• ENTRIES SHOWN
* * * * * * *

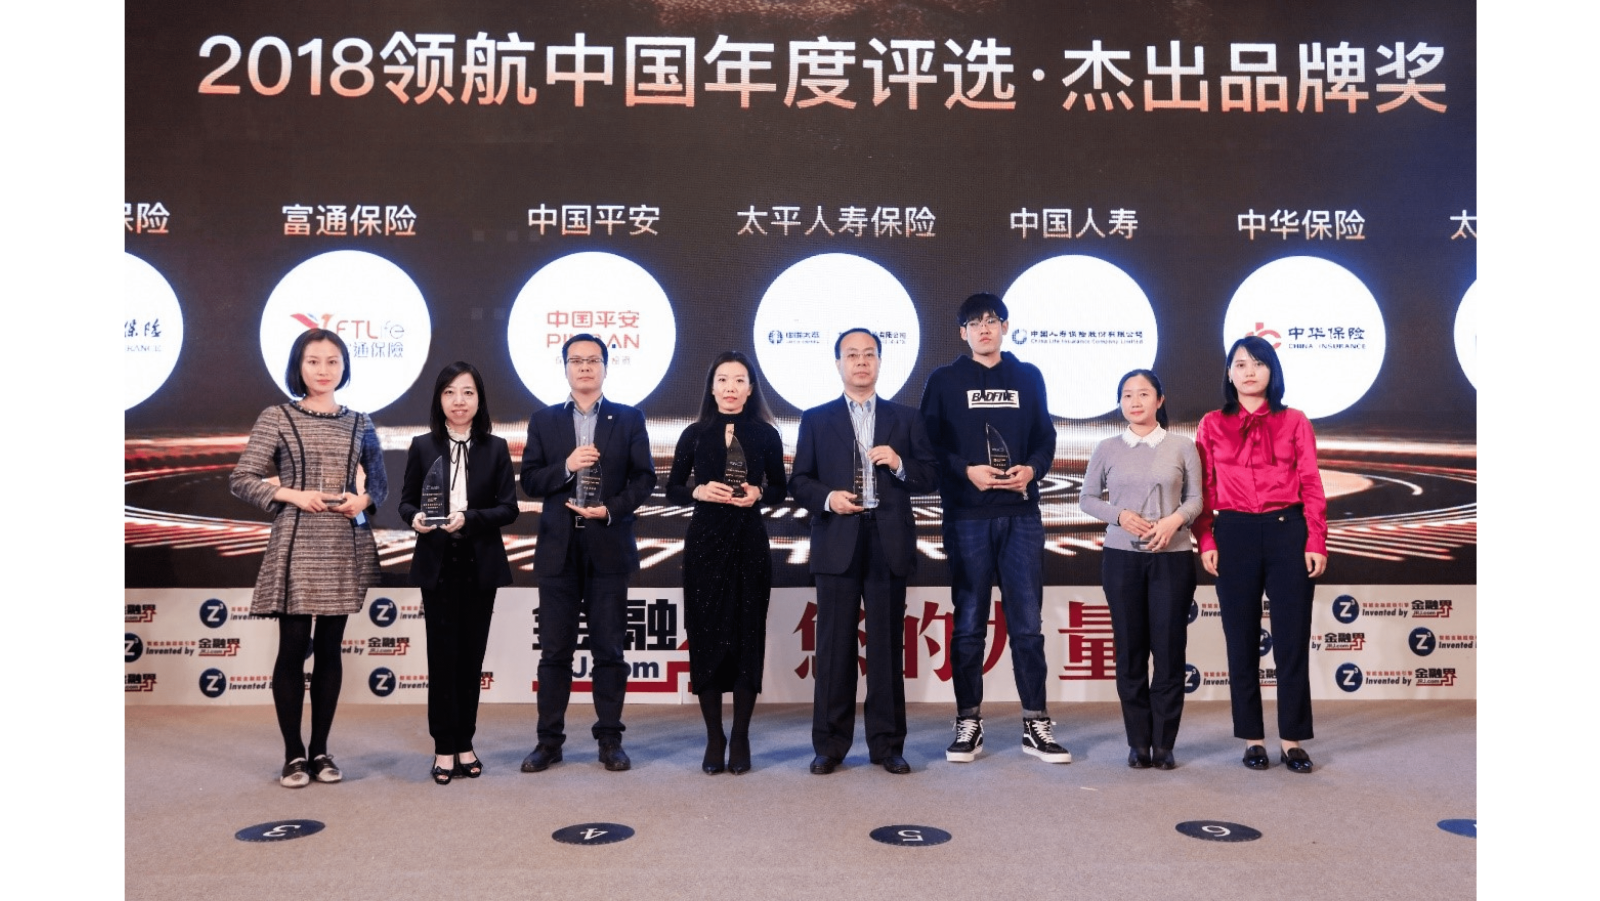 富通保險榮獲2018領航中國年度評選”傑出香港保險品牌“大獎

* * * * * * *

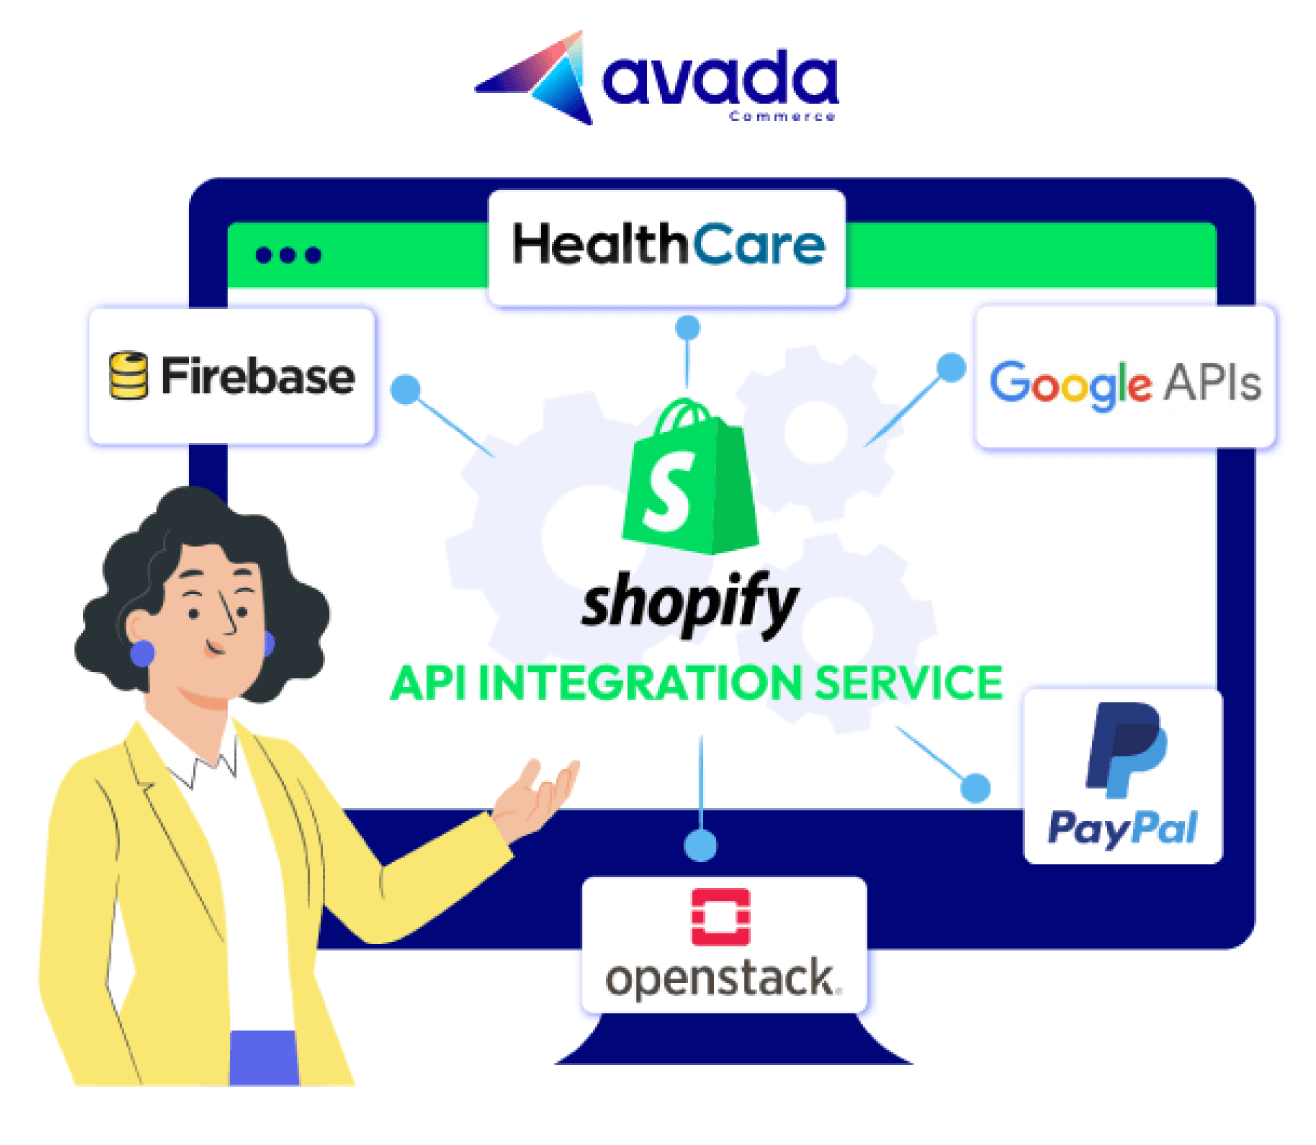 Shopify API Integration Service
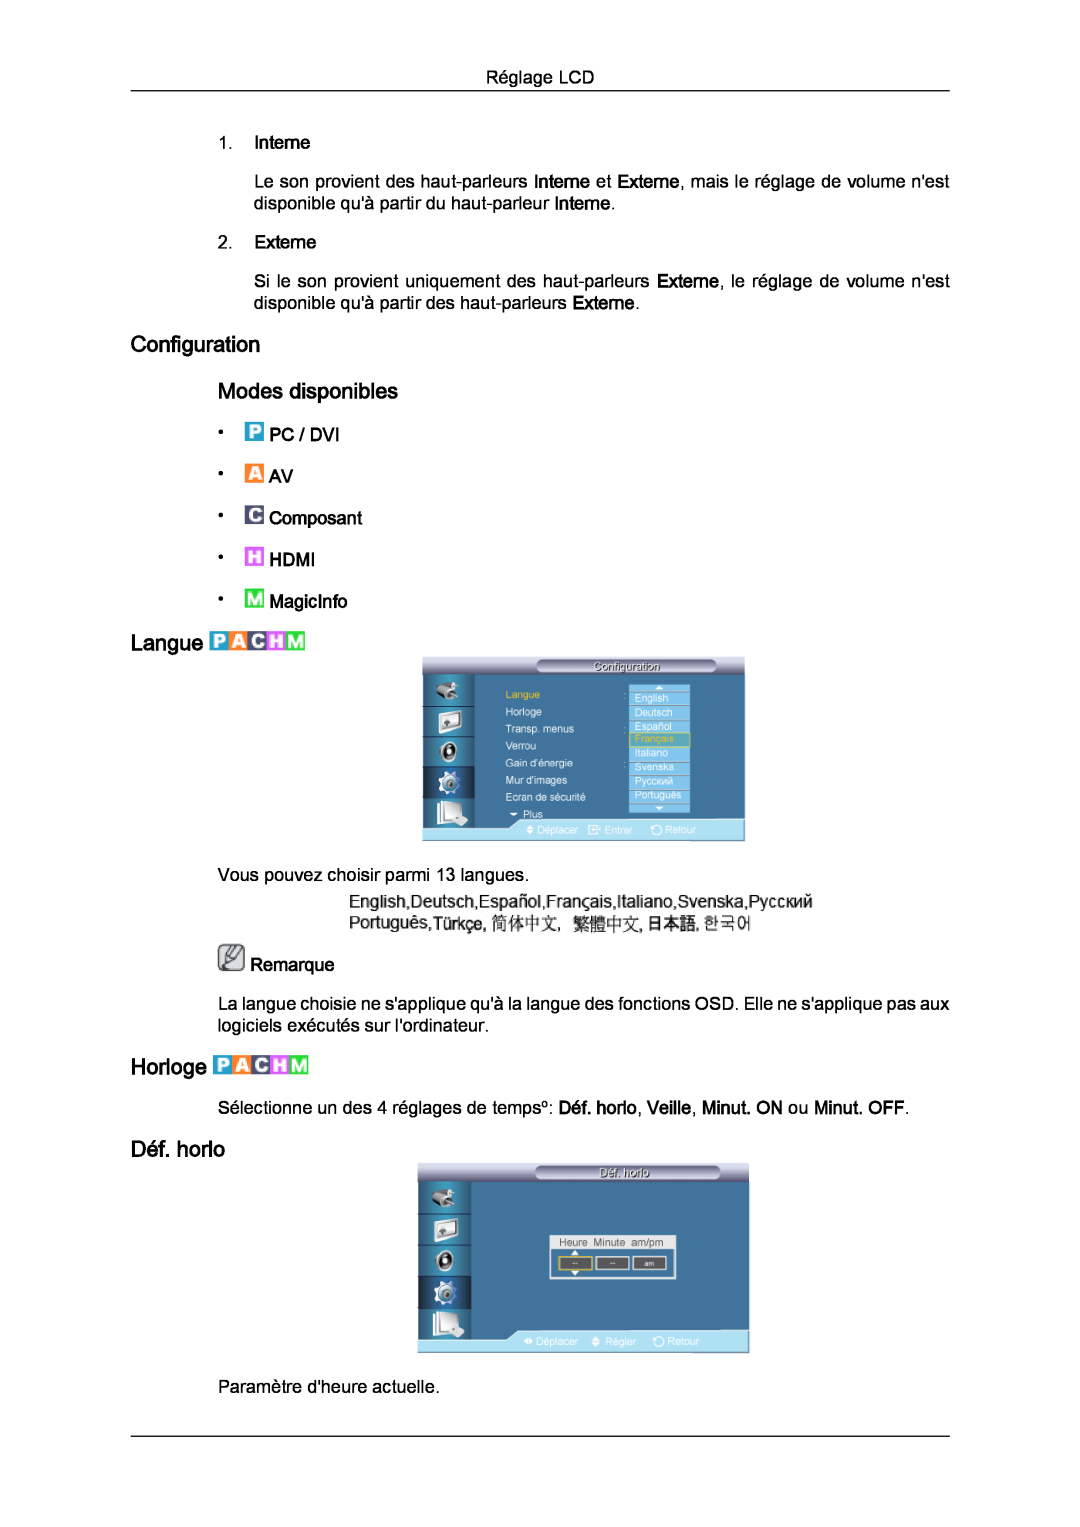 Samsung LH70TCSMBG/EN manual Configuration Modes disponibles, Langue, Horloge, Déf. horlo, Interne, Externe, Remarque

* * * * * * *

• WORK REQUEST
Look above for the line with "Shopify API Integration Service"; quote it and every line after it, stopping after the line with "Samsung LH70TCSMBG/EN manual", exactly, with nothing added and without pictures.

• TASK RESULT
 Shopify API Integration Service
 Samsung LH70TCSMBG/EN manual Configuration Modes disponibles, Langue, Horloge, Déf. horlo, Interne, Externe, Remarque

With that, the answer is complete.